Clementine: But you will! But you will, and I'll get bored with you and feel trapped, because that's what happens with me.
Joel: Okay.
Joel's "Okay" is a profound statement of love. Provided with empirical proof that this nascent relationship will not be idyllic, he decides that he loves Clementine enough to get into it anyway. I've thought since I first saw this film that this idea must have been Charlie Kaufman's inspiration: If two people knew a relationship wasn't going to work out, would they get into it anyway? How powerful is love?"

Tuesday, August 16, 2011
Little Miss Sunshine and Losing

With one of the indie hits of 2006, Jonathan Dayton and Valerie Faris (directors) and Michael Arndt (writer), introduced us to the quirkily disfunctional Hoover family. In Little Miss Sunshine, it is little Olive (Abigail Breslin) who drives the plot. She is seven years old, and is invited to participate in the Little Miss Sunshine Pageant in Redondo Beach, CA. The trick is, the family lives in Albuquerque, is poor, and nobody trusts anybody enough to leave anybody behind. So they all pile into the family's VW bus and hit the road. The driver is patriarch Richard (Greg Kinnear), purveyor of a self-help Nine Steps to something book. His wife, Sheryl (Toni Collette), doesn't have a trait to pigeon-hole her, but she's the manic glue that holds the family together. Sheryl's brother, Frank (Steve Carrell), is fresh off a suicide attempt and may or may not be the world's preeminent Proust scholar, depending on who you ask. Richard's father (Alan Arkin, who won an Oscar for the performance) is along for the ride, too, having been kicked out of his retirement home for lewd behavior and rampant cocaine use. Completing the family constellation are Olive, the would-be pageant queen, and Dwayne (Paul Dano), a Nietzsche-reading sulker who, in his own words, "hates everyone." Quite the rogue's gallery.

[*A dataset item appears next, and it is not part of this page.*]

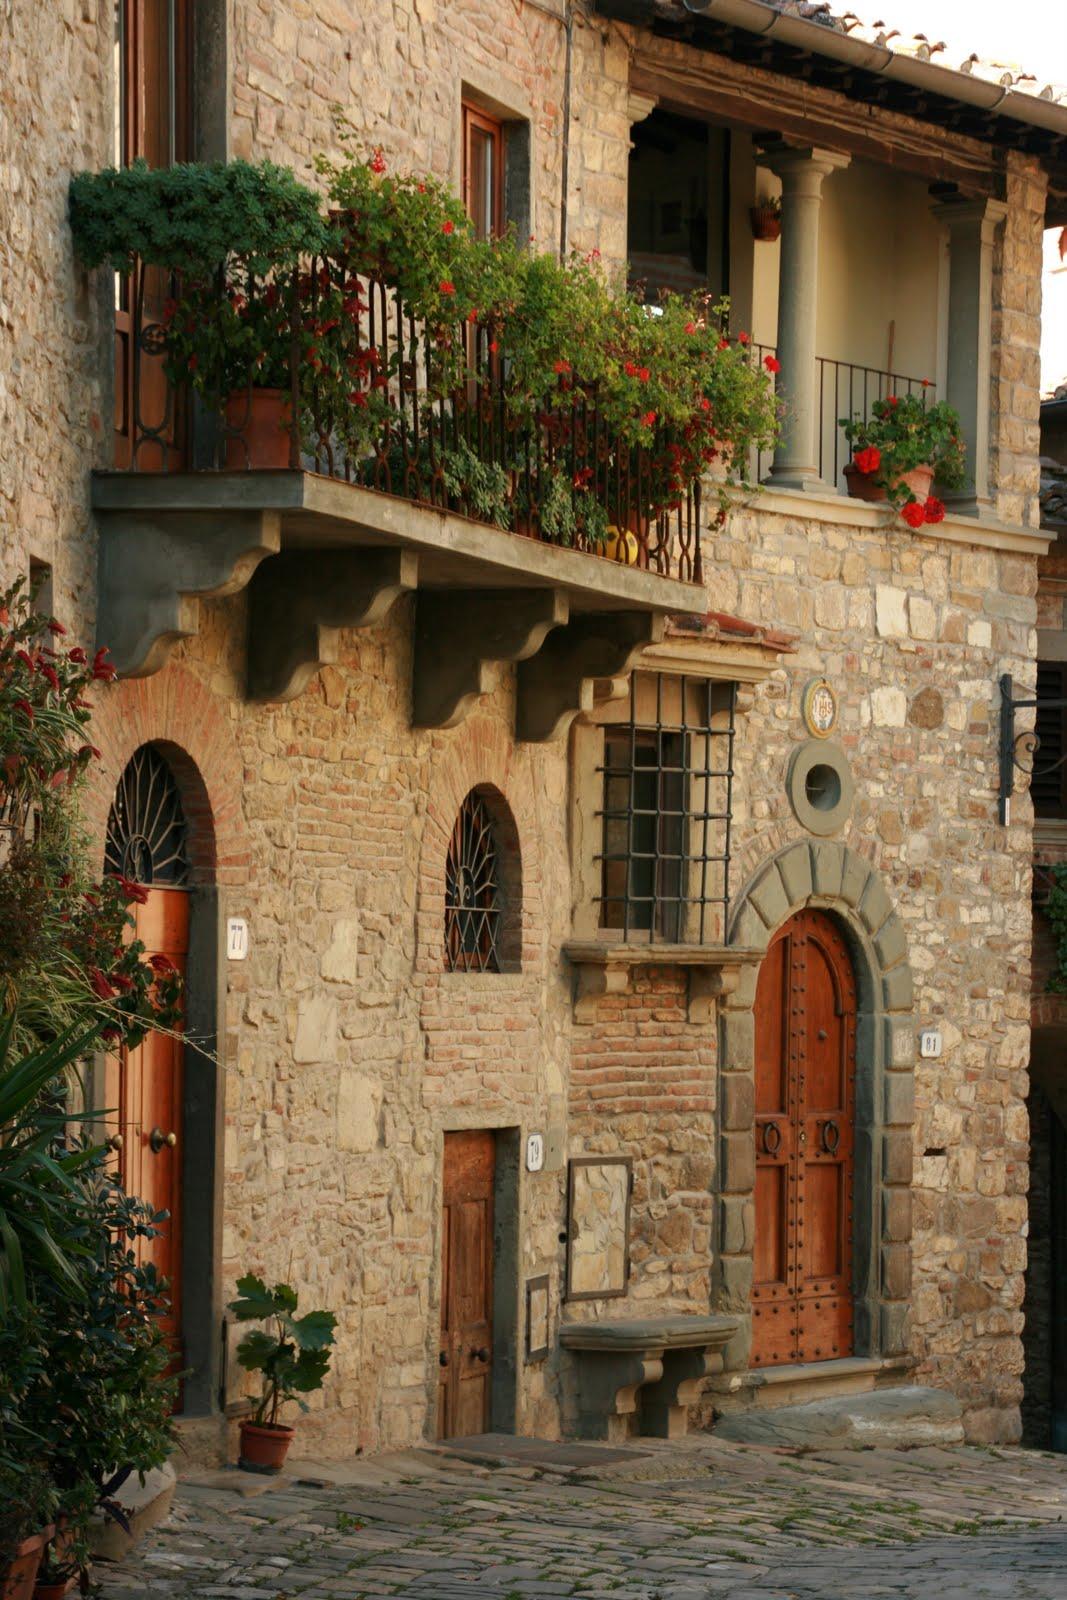 Josephinas Balkon mit Blick auf den Marktplatz

A family such as this is certainly ripe for conflict, and much conflict arises on their two day trip across the Southwest. The particular conflict that I want to focus on today is Richard's conflict with his family over his Nine Steps. Fundamentally, the Nine Steps are like any self-help program: They posit a capability inherent in everyone and then attempt to teach you to access it, and then to use it, to achieve your life goals. Richard has drunk his own Kool-Aid to the point that when Frank comes to their house from the hospital, he explains to Olive that Frank "gave up on himself, which is something winners never do." As you might imagine, all the winners vs. losers talk around the home has alienated his son, pushed away his father, and brought his marriage to the brink of divorce. And then, in the ultimate indignity, Richard himself is shown to be a loser, when the book deal he's been counting on falls through.

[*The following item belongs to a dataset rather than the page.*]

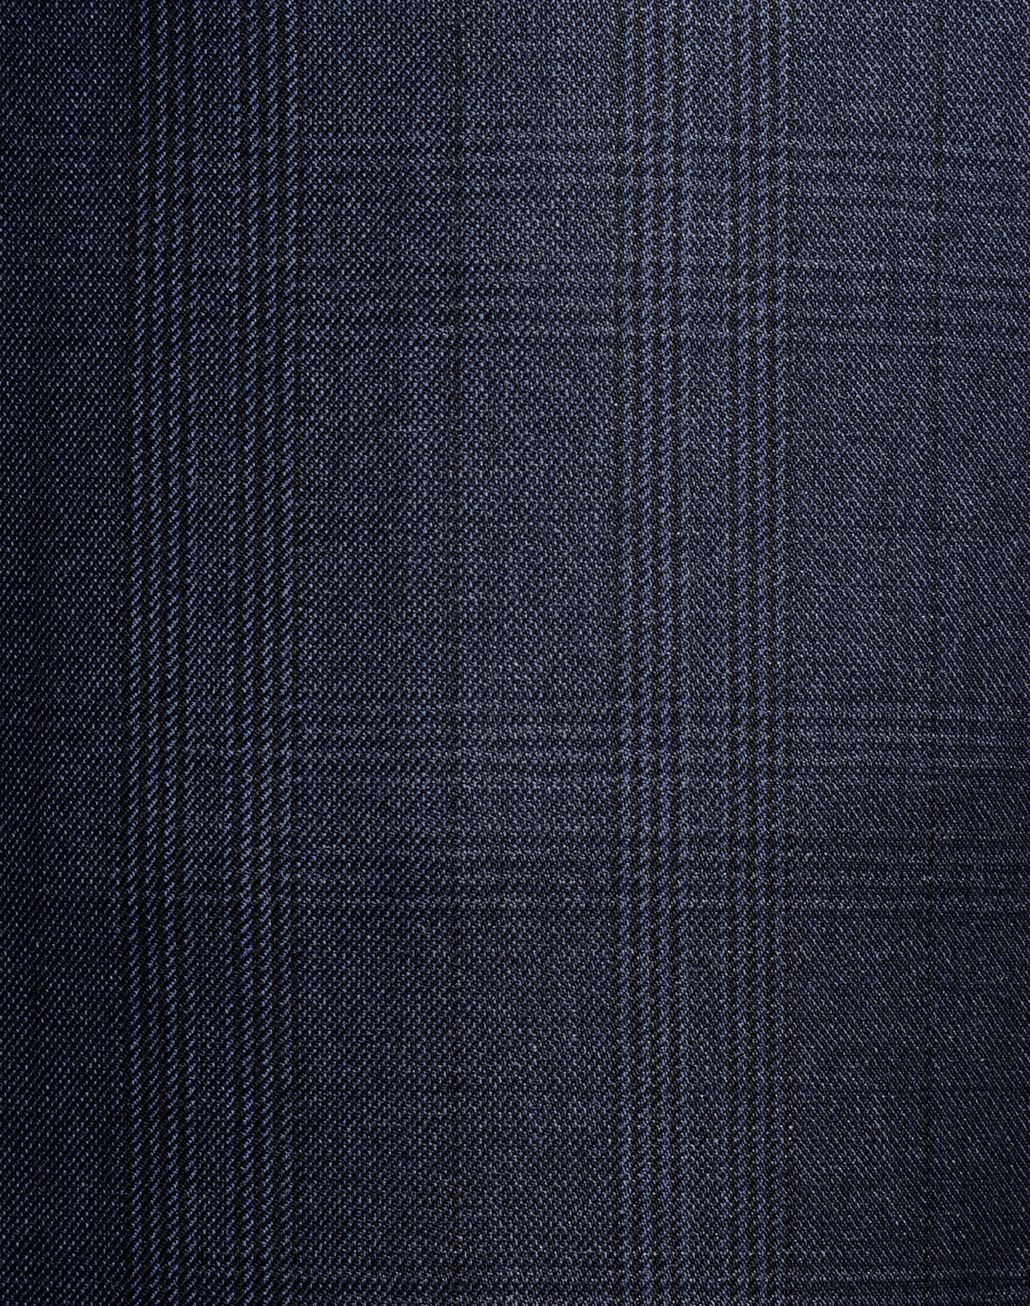 BRIONI Prince of Wales suit Suits & Jackets U a

The losing ways of the Hoovers are brought into sharp relief by the filmmakers upon their eventual arrival at the Little Miss Sunshine Pageant. It is immediately obvious that Olive, sweet, precocious and talented as she is, is no beauty queen. There is a quiet push from the family, now closely bonded together due to the harrowing experiences they've shared on the road, to pull Olive out of the pageant.

Ultimately, Olive herself is asked what she'd like to do. She's clearly intimidated by the other girls, and has never been more sure that she's fat, but she decides to go on anyway. As the family expected, she is woefully out of place, and that's never more apparent than in the talent portion of the competition. But, amazingly, when Olive fails spectacularly in her dance routine, the family runs up on-stage and joins her in the dance, embracing their collective loser-hood.

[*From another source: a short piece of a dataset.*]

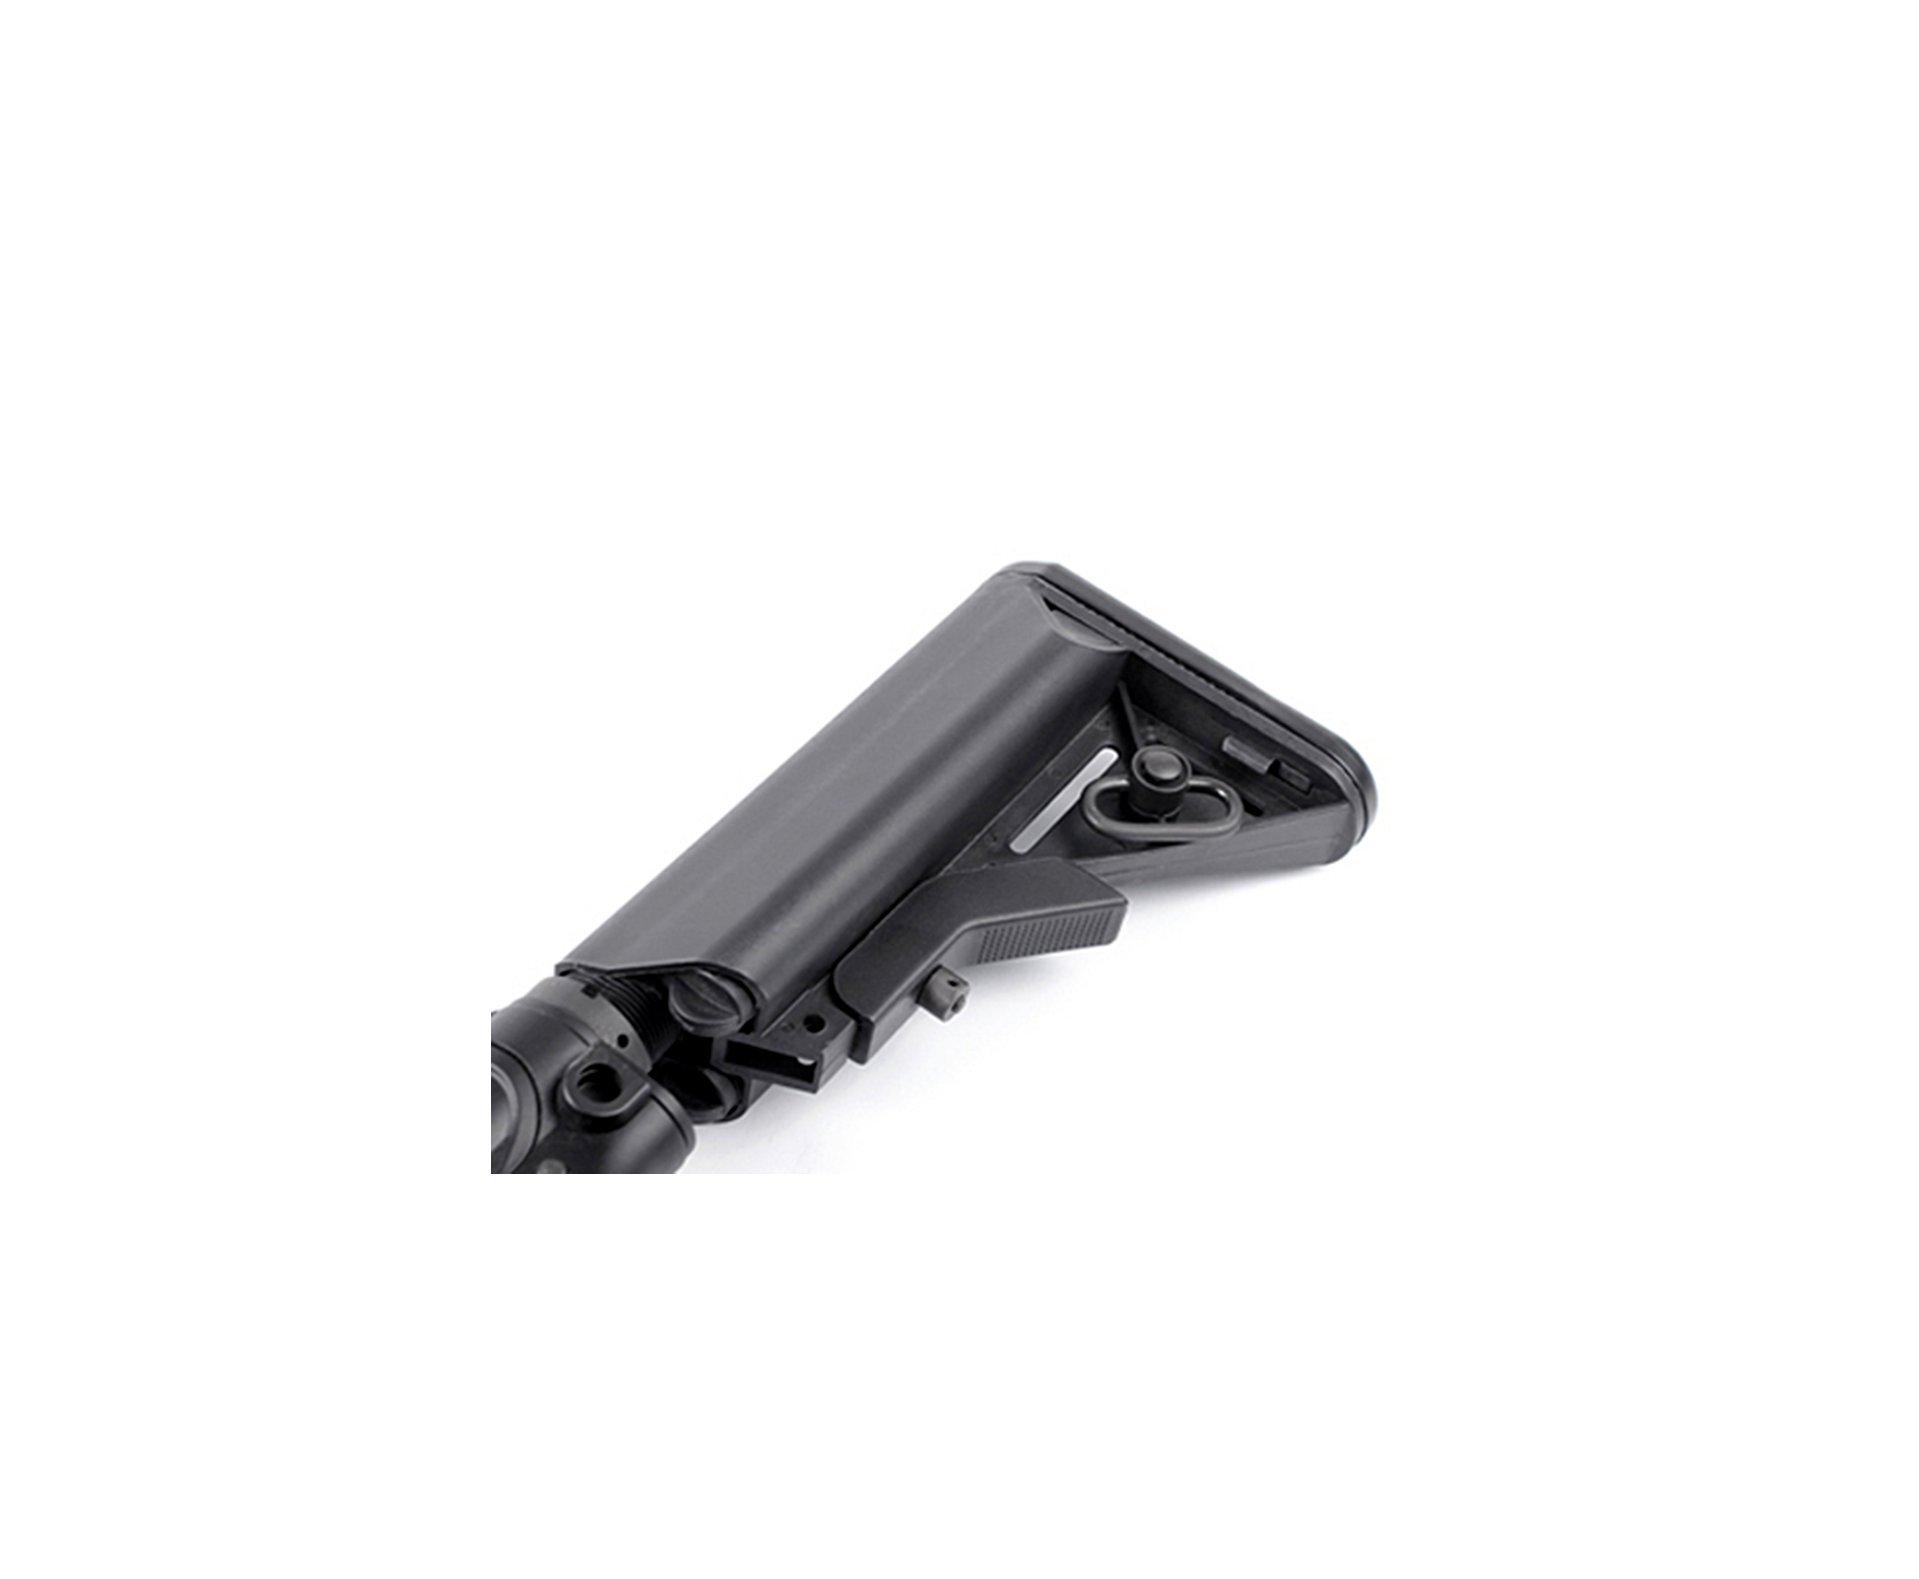 Rifle De Airsoft Sig Sauer 516 Pdw Full Metal - Cal 6.0mm - King Arms

And really, that's what Little Miss Sunshine is all about. It's about a man, but really a family, who is so afraid of being a loser that he creates a system that "guarantees" winning. But the winning (a happy family) only gets created when the losing is acknowledged and embraced. We might draw the parallel to the Church's "law." The church attempts to create a "Nine Steps" to a good life, to happiness, by giving us all kinds of things to do. But the law can't make us good. In other words, its requirements don't give us the power to keep them. It's only in realizing that we're losers that true winning is possible.